Driving the ball is a combination of timing and technique (this is written for for either rightys or leftys):

1. Set the ball up on your instep to just inside your toe. Put your near cheek behind the ball and leave it there until your follow through pulls your head forward. This is the key--swing around your head like a wagon wheel--do not let it move forward or backwards but be relaxed swing smoothly around your head--it is the axis. 

2. Then just take the club back slowly with a straight arm, HINT rotate your hand to flat and lock your elbow then grip, the arm that is towards the ball and let the other arm fold naturally--elbow in will cure the slice (the old pros would put a hand towel under their back arm to get the feeling) without moving your head or letting your head come off the ball or move up or down (yours eyes should not have to refocus), and then slightly brace against the back knee and big toe--keep your weight on the inside of your back foot or big toe always.

3. After your arms have naturally coiled against your back knee and big toe (never the outside of your foot) gently shift your weight by turning your hips and pushing off the big toe and then gently pull the butt of the shaft towards the ball.

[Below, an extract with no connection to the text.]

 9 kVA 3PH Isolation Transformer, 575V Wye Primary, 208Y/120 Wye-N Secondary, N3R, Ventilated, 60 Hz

4.Keep a sharp focus on the ball and swing through the ball at about 80% of what you think is the right speed. 

5. You will now be amazed

Works for me.

T


----------



## TarheelFXR (Oct 11, 2011)

Oh yeah, I learned to cast after wading out and it's the same thing, you have to keep your balance. I learned to cast first but only because it was a lot more interesting to a little guy.

T


----------



## TarheelFXR (Oct 11, 2011)

Surf Casting vs. Golf... 

Fishing always was and still is the most fun and better eatin'--I was born in Pinehurst (mother's parents) and father's parents lived on the beach so... 

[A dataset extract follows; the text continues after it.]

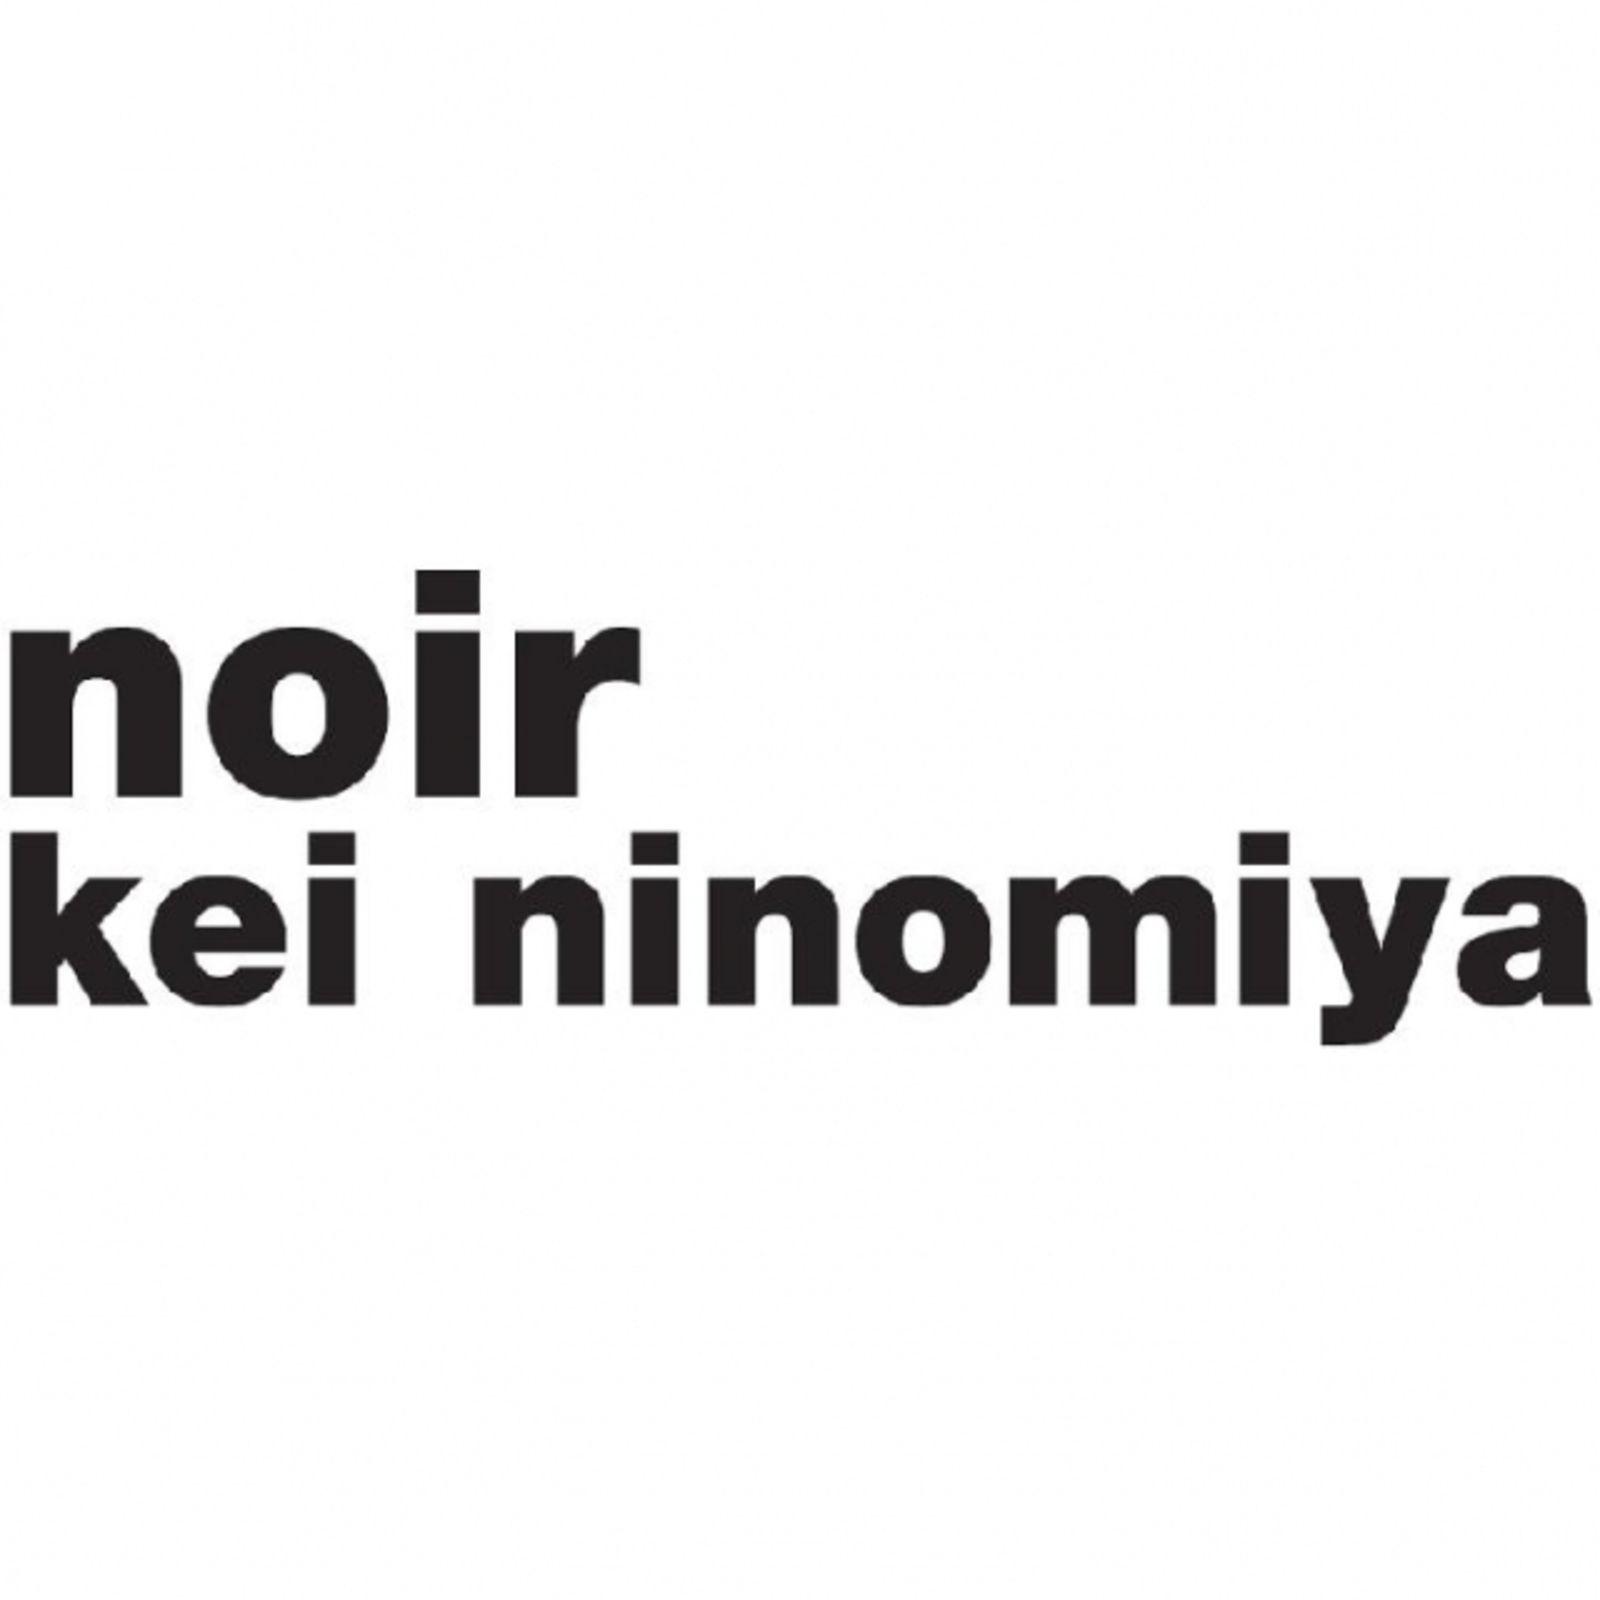 noir kei ninomiya (Bild 1)

Is there no edit function here? I am not some jerk that just keeps posting when I'm drinking...but I keep wanting to modify this sh!t

T


----------



## biggestsquid (Jan 6, 2010)

Tommy said:


> I have not had the pleasure (at least I don't think so) of meeting Joel. Everything I've heard is that he's a heck of a caster and a great guy.
> 
> At 51 I kinda doubt that I'll ever be real good at golf although I do enjoy the swing...
> 
> Tommy


Tommy,

Age is not an impediment to golfing, like it is for most other things, and you may actually improve. I had to make a choice, golf/fish, so I gave away my golf sticks but the tendency to "back off" a bit as an older golfer usually serves one well. (Not that 51 is older anything except ballplayer). Trying to knock the cover off the ball gets people in trouble. When you finally get to the point where you are wise enough to realize that OR it hurts too much to swing hard ---- you will have a shot at beating Big Brother!

Cheers,
See you at Hatteras


----------



## big brother (May 15, 2002)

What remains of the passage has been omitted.